Orbene, contrariamente a quanto dedotto dalla ricorrente in primo grado, merita osservare a conseguenza che, se la censura di omesso preavviso è riferita ai provvedimenti antecedenti, questi sono stati oggetto di ritiro e, quindi, non più lesivi; se, invece, la relativa doglianza è da rapportare al conclusivo d.m. 1 settembre 2008, essa risulta inesistente per le ragioni dinanzi precisate, sia perché la partecipazione è stata sollecitata e sia perché l’atto è stato adottato su istanza di parte.
Non sussiste un obbligo di avviso di avvio del procedimento in caso di procedimento promosso su istanza di parte e culminato in un provvedimento vincolato, come è quello in esame, finalizzato a superare canoni risalenti e da adeguare invece, secondo una ragione di bilanciamento dei valori più attuale, alla capacità di reddito e alla utilità economica del bene, che comunque è e resta un bene pubblico, per il concessionario, secondo i criteri, i parametri e gli importi a metro quadrato direttamente predeterminati dalla richiamata legge finanziaria.
Rispetto a tali previsioni legali, non compatibile e neppure conferente è il richiamo all’art. 1623 (Modificazioni sopravvenute del rapporto contrattuale) Cod. civ., che prevede la (ontologicamente contrastante ai fini che ne occupano) riduzione ad equità o la risoluzione del contratto per notevole onerosità sopravvenuta a causa di legge: facoltà del resto non esercitate dal ricorrente originario e a tutto concedere praticabili solo quando la legge vada ad incidere sulla “gestione produttiva” e non anche se la legge intervenga indirettamente sulla “gestione corrente” con la nuova disciplina del settore.

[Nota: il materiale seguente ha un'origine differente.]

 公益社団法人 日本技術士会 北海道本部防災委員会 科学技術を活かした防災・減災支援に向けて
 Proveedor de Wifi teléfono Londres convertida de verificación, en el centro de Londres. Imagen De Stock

Del resto, vale al contrario rilevare che la legge finanziaria in questione ha operato un adattamento del canone, che era sproporzionato in danno dello Stato a causa della sua patente inadeguatezza in relazione al tempo trascorso e ai fenomeni di deprezzamento maturati riguardo al valore del bene in concessione e alla redditività ordinariamente ritraibile dal concessionario.
Alla luce delle considerazioni innanzi svolte, deriva quindi l'accertata fondatezza dell’appello, che va pertanto parzialmente accolto quanto alla questione originaria del dedotto omesso preavviso, con conseguente riforma in parte qua della sentenza appellata.

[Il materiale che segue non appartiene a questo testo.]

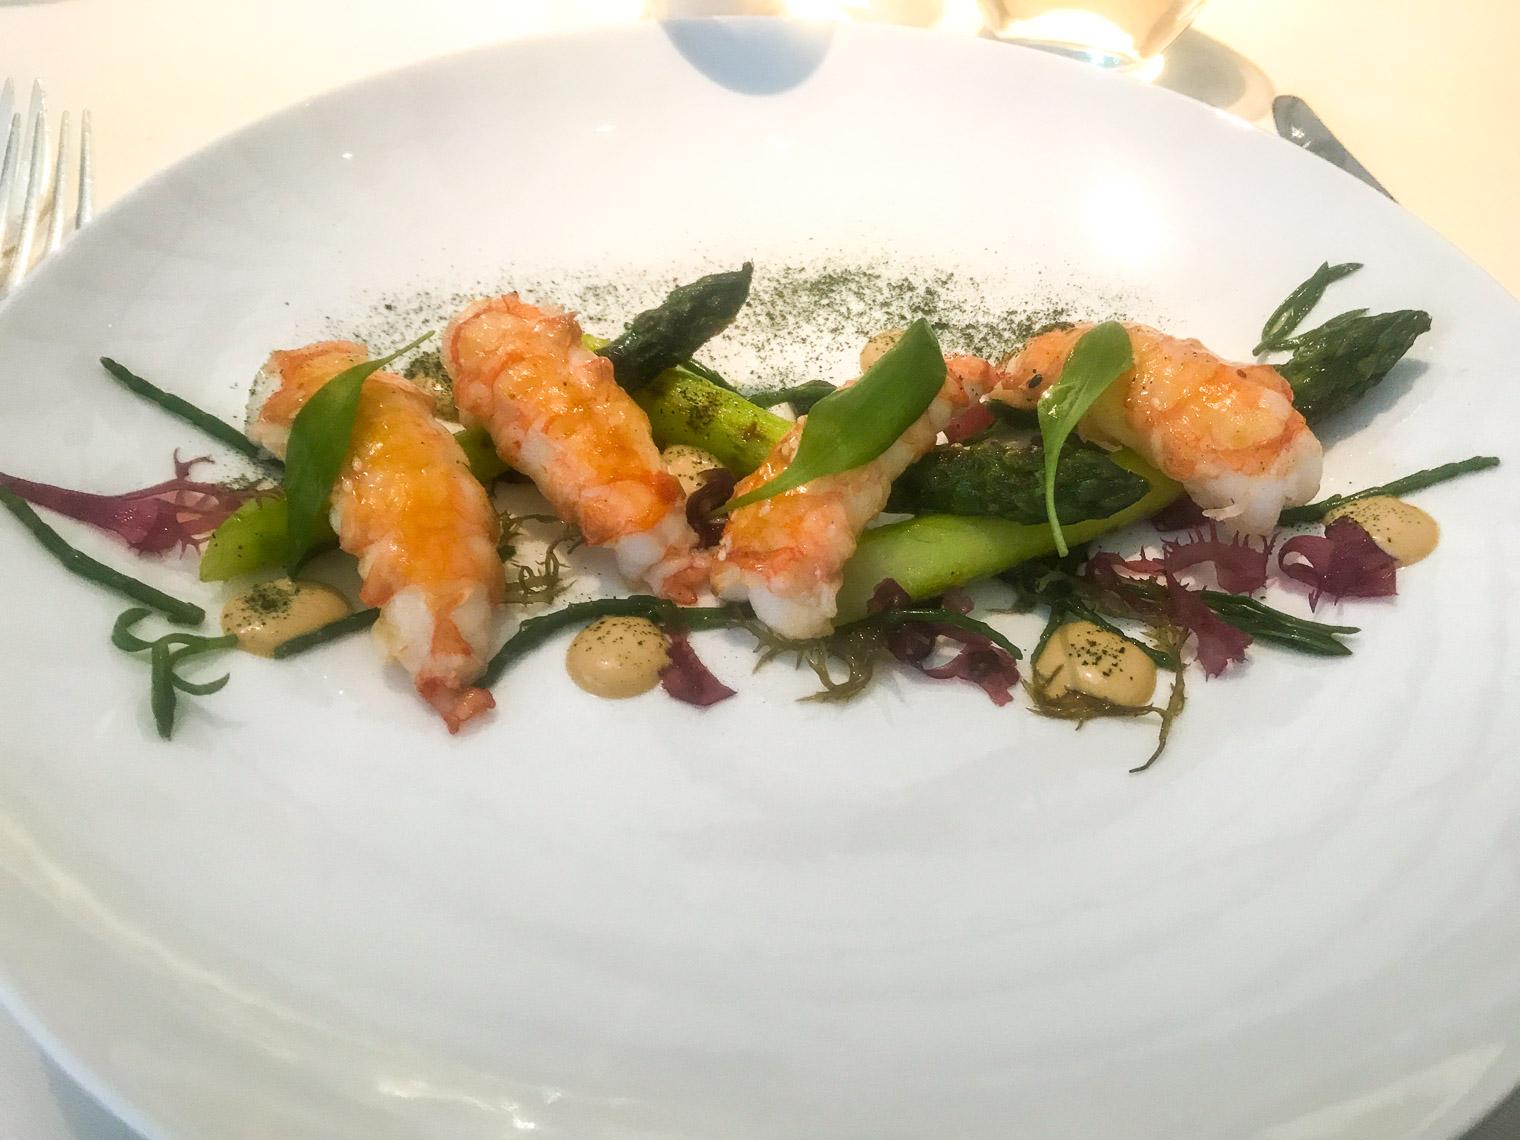 Langoustines with asparagus at Belmond Le Manoir restaurant Oxfordshire

Sussistono giusti motivi per compensare integralmente tra le parti le spese di lite relative al doppio grado di giudizio.

P.Q.M.
Il Consiglio di Stato in sede giurisdizionale (Sezione Sesta), definitivamente pronunciando sull'appello come in epigrafe proposto, lo accoglie e, per l’effetto, a riforma parziale della sentenza del Tribunale amministrativo regionale per la Puglia, sede di Lecce, n. 814 del 5 maggio 2011, respinge il ricorso in primo grado.
Compensa interamente tra le parti le spese di lite relative al doppio grado di giudizio.

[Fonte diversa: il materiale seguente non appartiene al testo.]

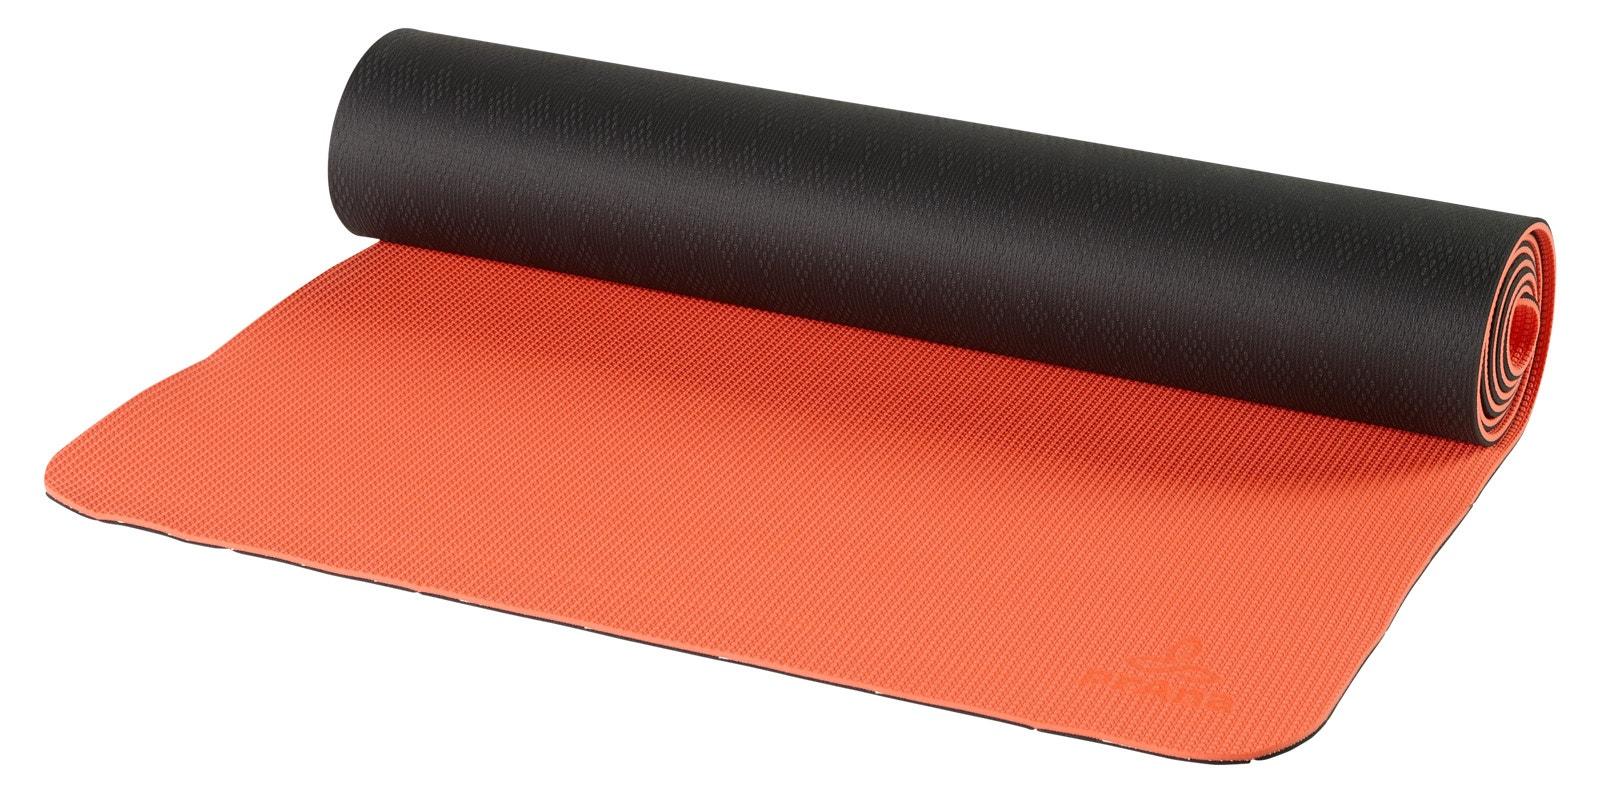 E.C.O Yoga Mat

Ordina che la presente sentenza sia eseguita dall'autorità amministrativa.
Così deciso in Roma nella camera di consiglio del giorno 2 luglio 2013 con l'intervento dei magistrati:
Giuseppe Severini, Presidente
Aldo Scola, Consigliere
Vito Carella, Consigliere, Estensore
Claudio Contessa, Consigliere
Gabriella De Michele, Consigliere


L'ESTENSORE
IL PRESIDENTE





DEPOSITATA IN SEGRETERIA
Il 04/11/2013
IL SEGRETARIO
(Art. 89, co. 3, cod. proc. amm.)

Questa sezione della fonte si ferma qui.